Можно сочинять великолепные законы, принимать первые в мире резолюции о научной политике, как это сделано в Индии [99, с. 107-109], можно окружить университеты высочайшим вниманием и личной опекой, как это сделано в Индонезии [63], можно строить великолепные университетские городки и поддерживать невероятно высокий социальный статус академической элиты, как это сделано в Нигерии [66], но, если тривий и квадривий не пустили корней в душе первоклассника, если научная установка, одержимость приложением, навык приложения остались «второй культурой» – культурой для службы, которую можно забыть на письменном столе или в лаборатории, – всегда будет продолжаться одно и то же. Астрономы будут благодарить повелителя Поднебесной за несостоявшееся затмение [69, с. 93], ученые будут воспринимать науку как еще одну мифологию: «Индийские ученые практикуют науку только в лаборатории, а вне лаборатории, в повседневной жизни, они остаются пленниками древних идей и обрядов, подчиняются предрассудкам и вере в сверхъестественное. Среди ученых Индии не редкость вера в астрологию, обряды очищения перед проведением экспериментов и даже обряды искупительных жертвоприношений для умилостивления приборов и оборудования» [99, с. 191].
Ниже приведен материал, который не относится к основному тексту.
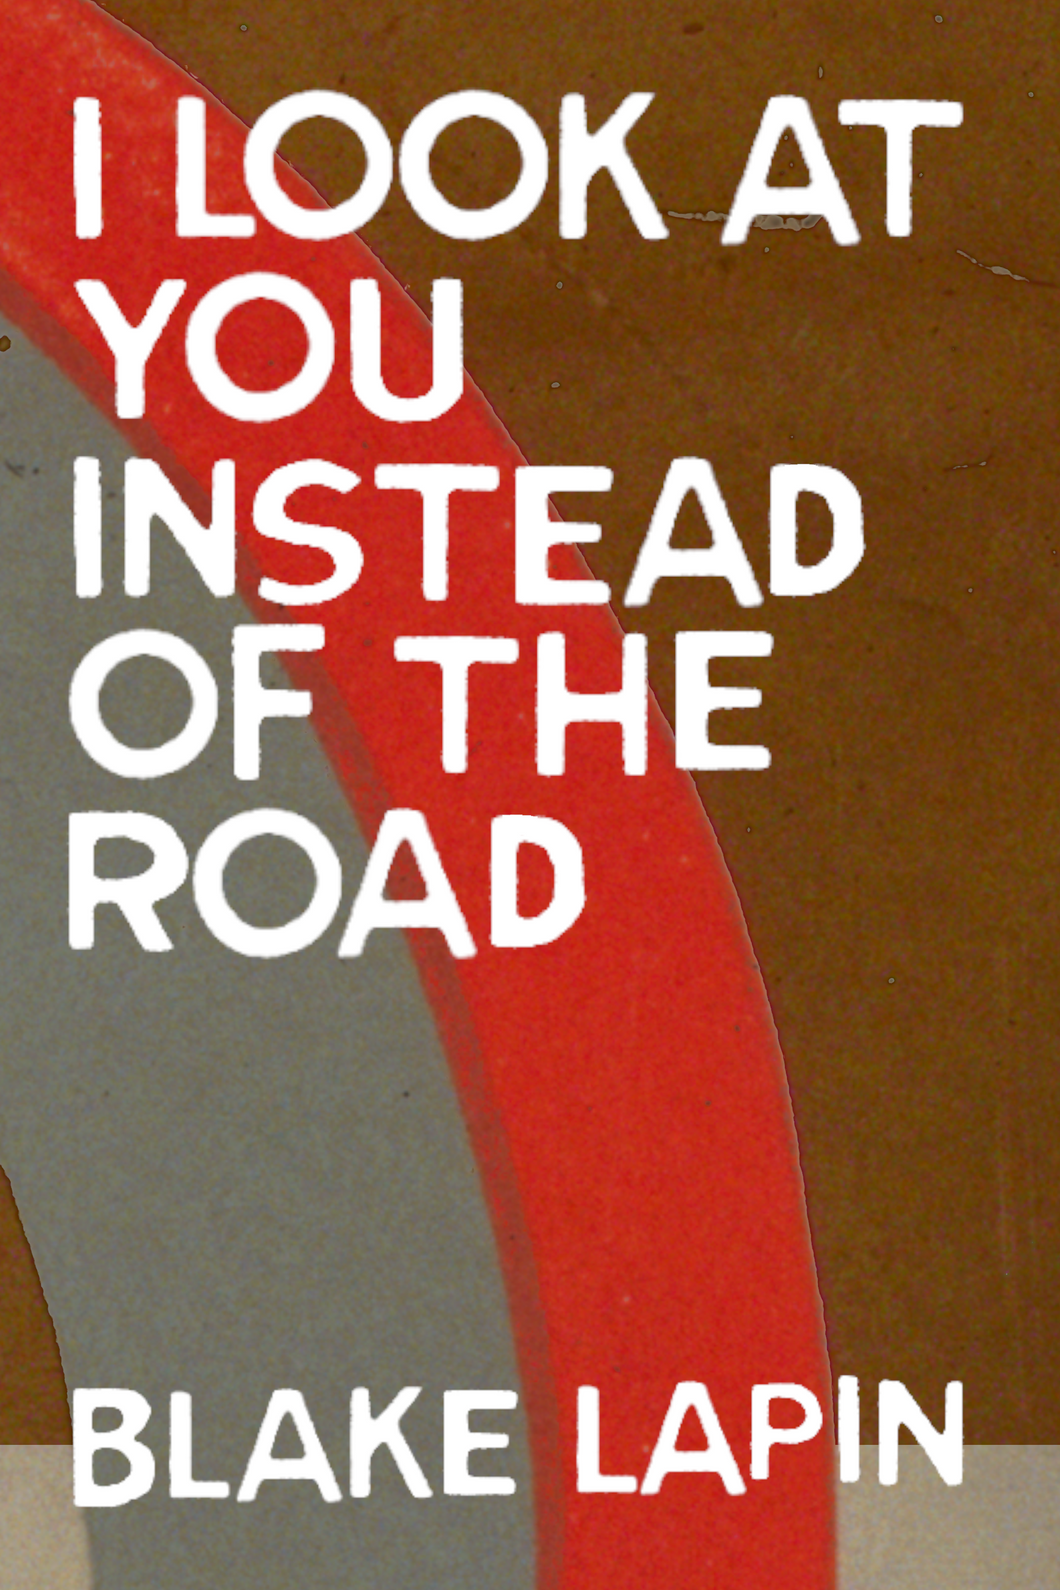 I Look at You Instead of the Road, by Blake Lapin-Print Books-Bottlecap Press

Тривий и квадривий – не просто «семь свободных искусств», с которыми Европа связала свою судьбу, но и семь искусств освобождающих, помогающих «давить в себе по капле» раба унаследованных обстоятельств, иметь свое мнение и настаивать на нем, в какие бы конкретно-исторические обстоятельства судьба и произвол родителей ни закидывали человека. Если семь свободных и освобождающих искусств пустили корни в душе человека, с ним уже ничего нечеловеческого не случится, будь он европейцем или неевропейцем. Он может всю жизнь мыкаться по конкретно-историческим колдобинам и буеракам, попадать то на крест, то на костер, а то и на книжную полку, но переделать его уже нельзя. Нечеловека из него уже не получится.

Европа строила свою историю на плечах и на костях одержимых манией расширения научного знания и приложения научного знания. Нельзя сказать, что одержимость носила повальный характер – эпонимическая характеристика европейской развитости много беднее, чем, скажем, статистика долгожителей. Одержимых редко чествовали при жизни, чаще украшали венками могилы. Камю написал не так уж давно: «Не знаю никого, кто отдал бы жизнь за онтологическое доказательство. Галилей, обладавший полновесной научной истиной,, с легкостью предал себя, как только истина стала угрозой его жизни. В какой-то степени он постудил правильно» [68, с. 9]. В плохом смысле. Галилей мог и отступиться, изменить самому себе в надежде на легковесную истину-масло, которая всплывет, «сама себя окажет». Но вот Камю, как и Оруэлл, заставляющий своего героя отказаться от «дважды два четыре», высказывает глубоко несправедливые мысли насчет европейцев. Будь все такие уступчивые в делах истины, бродить бы нам и сегодня по задворкам цивилизаций Востока, перенимая то компас, то бумагу, то еще какую диковину с чужого стола. Если мы кому и обязаны из предшественников, то не отступникам от истины, а тем, кто шел до конца. И другого пути к человеку, видимо, нет. Во всяком случае, пока еще не открыли, ходить приходится старым, европеец ты или неевропеец.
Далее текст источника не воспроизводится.